Recent progress in computer vision has accelerated the development of statistical downscaling, which uses statistical models to improve the spatiotemporal resolution of impactful climate variables, such as extreme temperatures, wind gusts, and precipitation. Machine learning (ML)-based super-resolution algorithms, which learn from data how to best generate high-resolution images from their low-resolution version, are gaining traction because of their improved accuracy and low omputational cost once trained. However, they are rarely designed to perform well on extremes, and their robustness is usually only tested in the present climate, where training data are available. These limitations prevent the widespread adoption of modern ML to better constrain uncertainties in the forecasting of local extremes and in the high-resolution projections of climate change.
To address these limitations, our project leverages recent developments in deep learning and geostatistics1 to design hybrid statistical-physical methods helping ML frameworks generalize to climate change and extreme events. We will test these methods for two applications that combine downscaling with prediction over Switzerland: future climate projections and medium-range forecasting.
For that purpose, we propose two synergistic PhD projects on Machine Learning for Weather/Climate Super-Resolution :
The first project generates spatially-resolved Swiss climate change scenarios that ensure physical consistency and preserve long-term trend.
The second project downscales medium-range forecasts over Switzerland, including small-scale features ignored by the original forecast.
In both projects, we will explore the added value of state-of-the-art ML for atmospheric science, which remains challenging to understand.
Both PhD positions will be hosted within UNIL’s recently established Expertise Center for Climate Extremes, and will include collaboration opportunities with research groups from the institutions listed below:
● MeteoSwiss
● LSCE-IPSL
● University of California, Irvine
● NVIDIA (Climate Simulation Team)
Expected start date in position : 01.10.2024 / to be agreed
Contract length : 1 year, renewable to a maximum of 4 years.
Activity rate : 100%
Workplace : Lausanne Mouline (Géopolis)
Technical Responsibilities:
Specific to the climate projection project:
● Develop and apply multivariate bias-correction methods suitable for the Swiss climate scenarios, focusing on enforcing physical consistency, maintaining inter-variable consistency, and evaluating spatial properties across downscaled outputs.
● Integrate and test new algorithms for trend preservation in the downscaled variables, ensuring that long-term climatic changes are accurately reflected in the projections.
● Collaborate with MeteoSwiss to ensure that the downscaled models align with the ongoing updates to Swiss climate change scenarios and are informed by the latest observational data.
Specific to the weather forecasting project:
● Design and implement machine learning models for medium-range weather forecasting that can handle initial conditions significantly different from those seen in the training data, especially under extreme weather conditions.
● Ensure the calibration of downscaled outputs for longer lead times as predicted distributions shift towards climatology.
● Develop and test feature transformation techniques that enhance the generalizability and accuracy of forecasts across complex topography, such as the Alpine region.

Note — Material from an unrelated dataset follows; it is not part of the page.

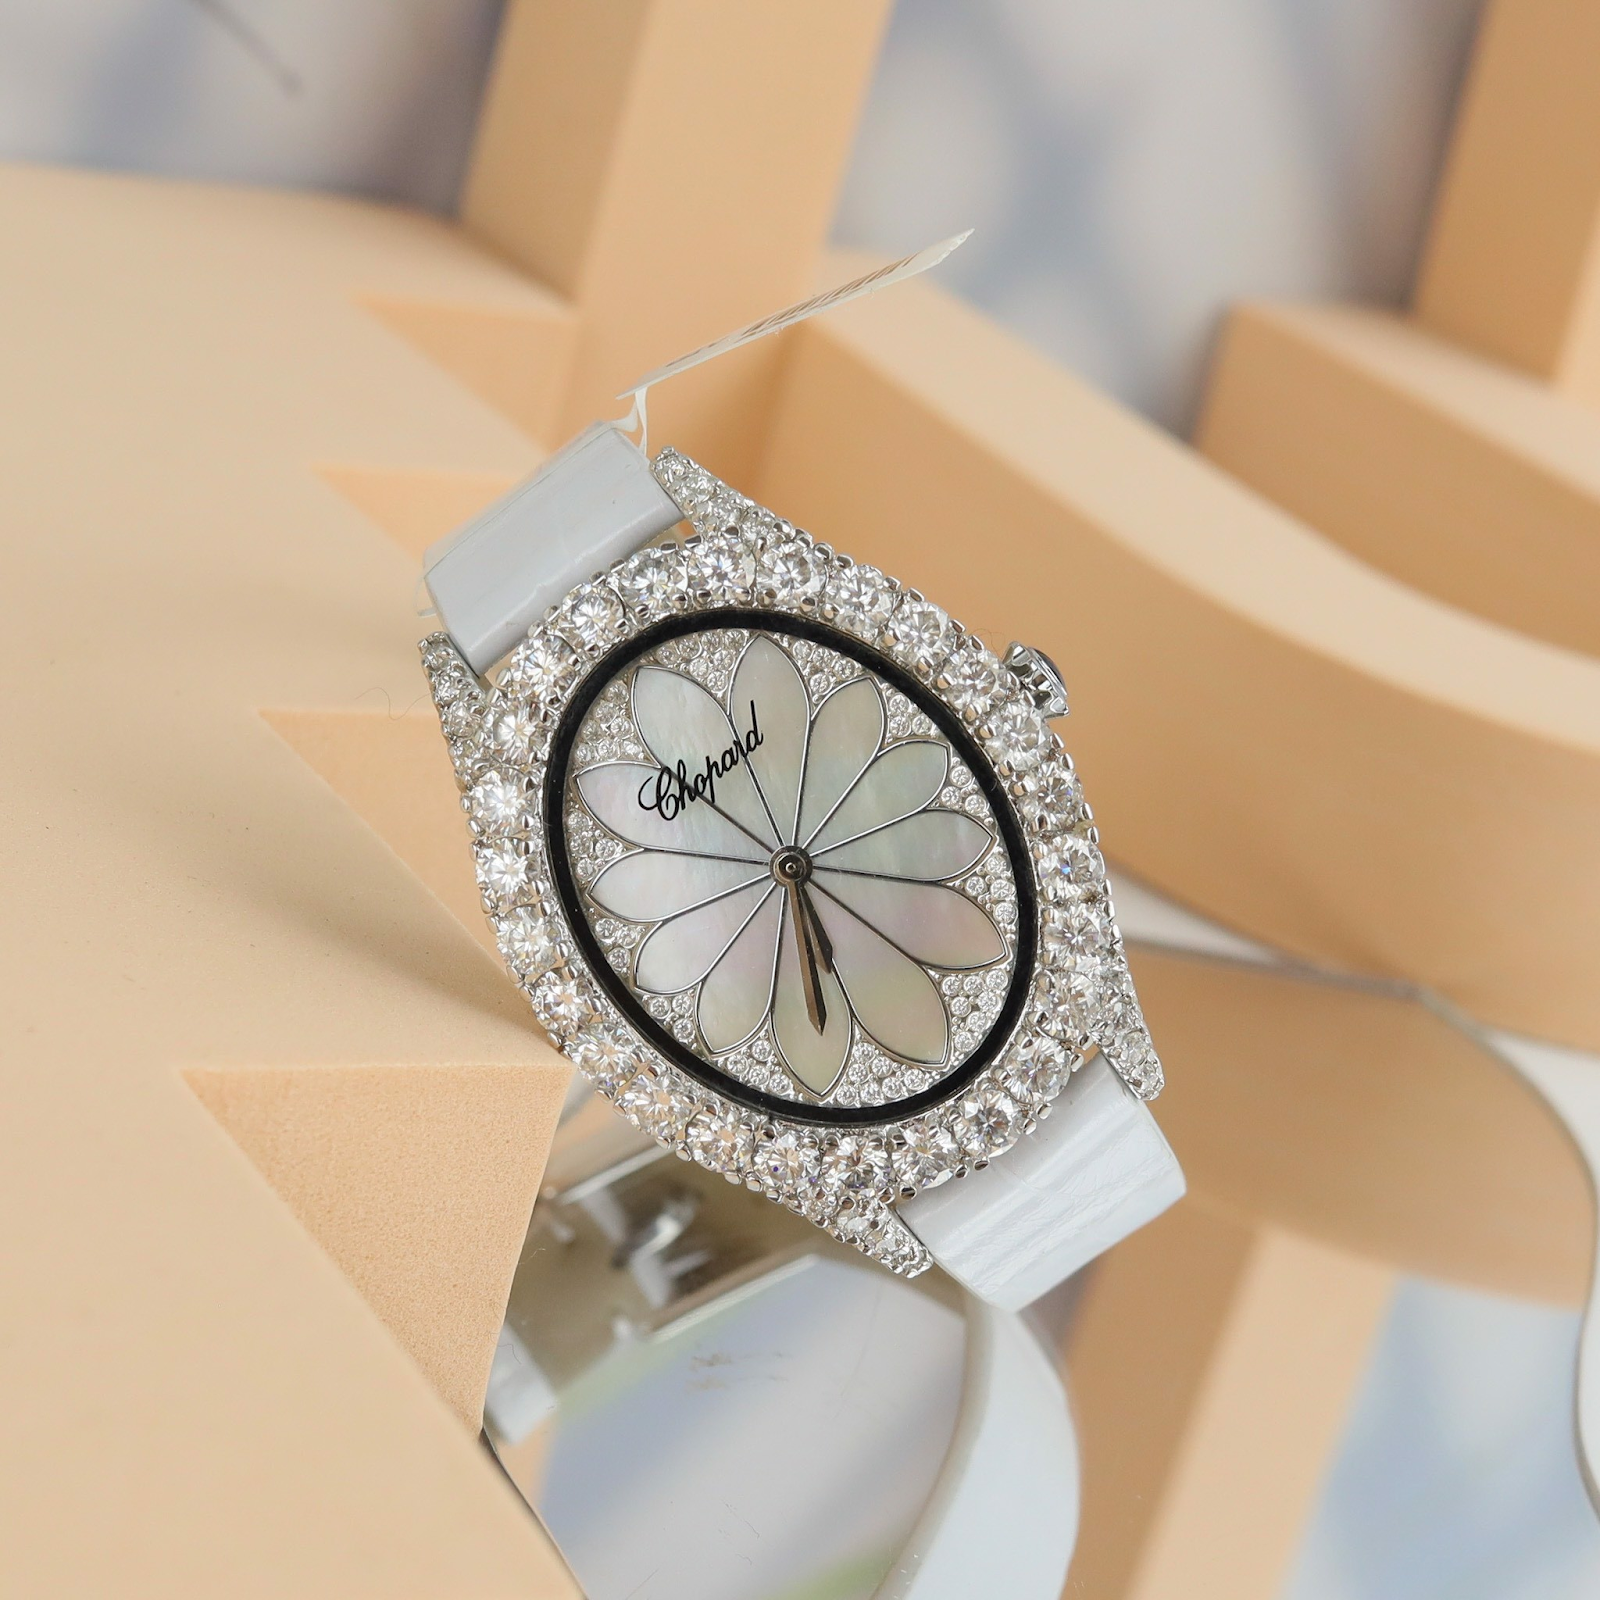 Đồng hồ Chopard nổi tiếng với thiết kế tinh xảo

● Collaborate with MeteoSwiss to ensure that the downscaled forecasts align with ongoing forecasting and post-processing needs.
For both projects:
● Establish the broad applicability of new machine learning frameworks (new architectures, techniques to improve extrapolation/explainability, improved conditioning of the predicted distributions, etc.) for climate applications. You will receive support from the project’s team and have the opportunity to co-supervise Master's interns.

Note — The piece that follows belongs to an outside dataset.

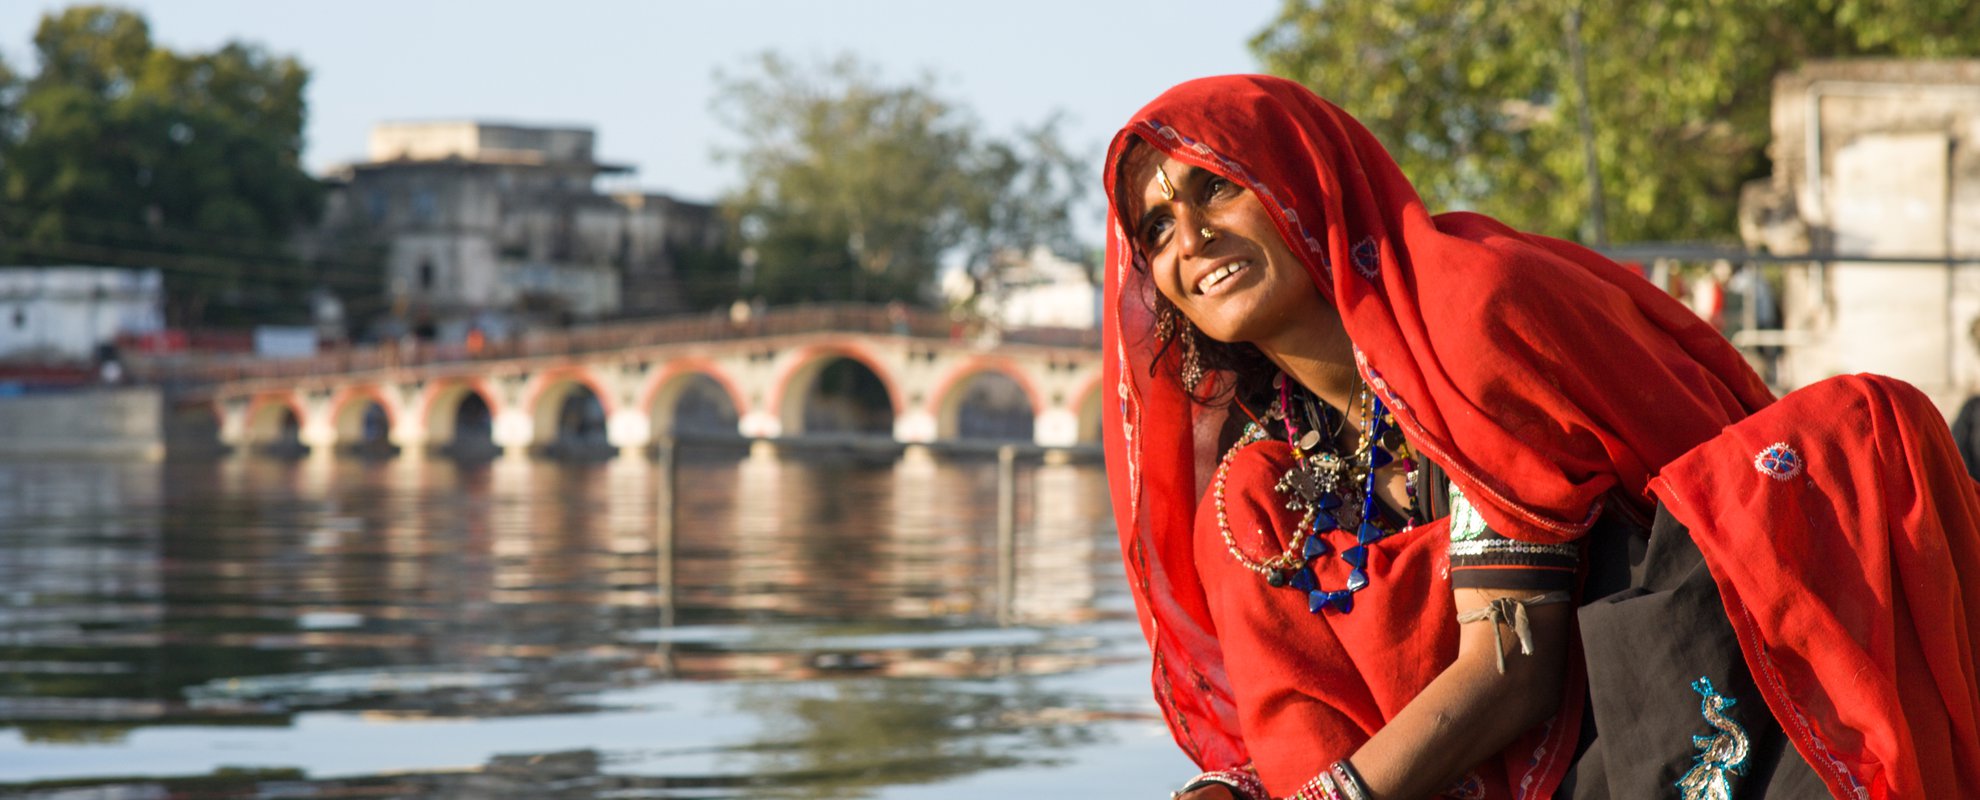 Det finns gott om heliga floder i Indien

● Over the course of 4 years, complete 3-4 semesters of teaching assistantship in geoinformatics, scientific programming, or machine learning for Earth and environmental science courses (no more than approximately 5 hours/week).
● Given that the collaboration with MeteoSwiss offers the opportunity to root your research in practice, we encourage flexibility between Lausanne and the MeteoSwiss offices (Zürich, Geneva, Locarno).
Prof. Tom Beucler
tom.beucler@unil.ch
Deadline : 31.05.2024
Please, send your full application with all the following in PDF.
Only applications through this website will be taken into account.
We thank you for your understanding.
We are dedicated to fostering a diverse, equitable, and inclusive environment where all individuals are encouraged to apply, regardless of their background. UNIL is committed to equal opportunities and diversity.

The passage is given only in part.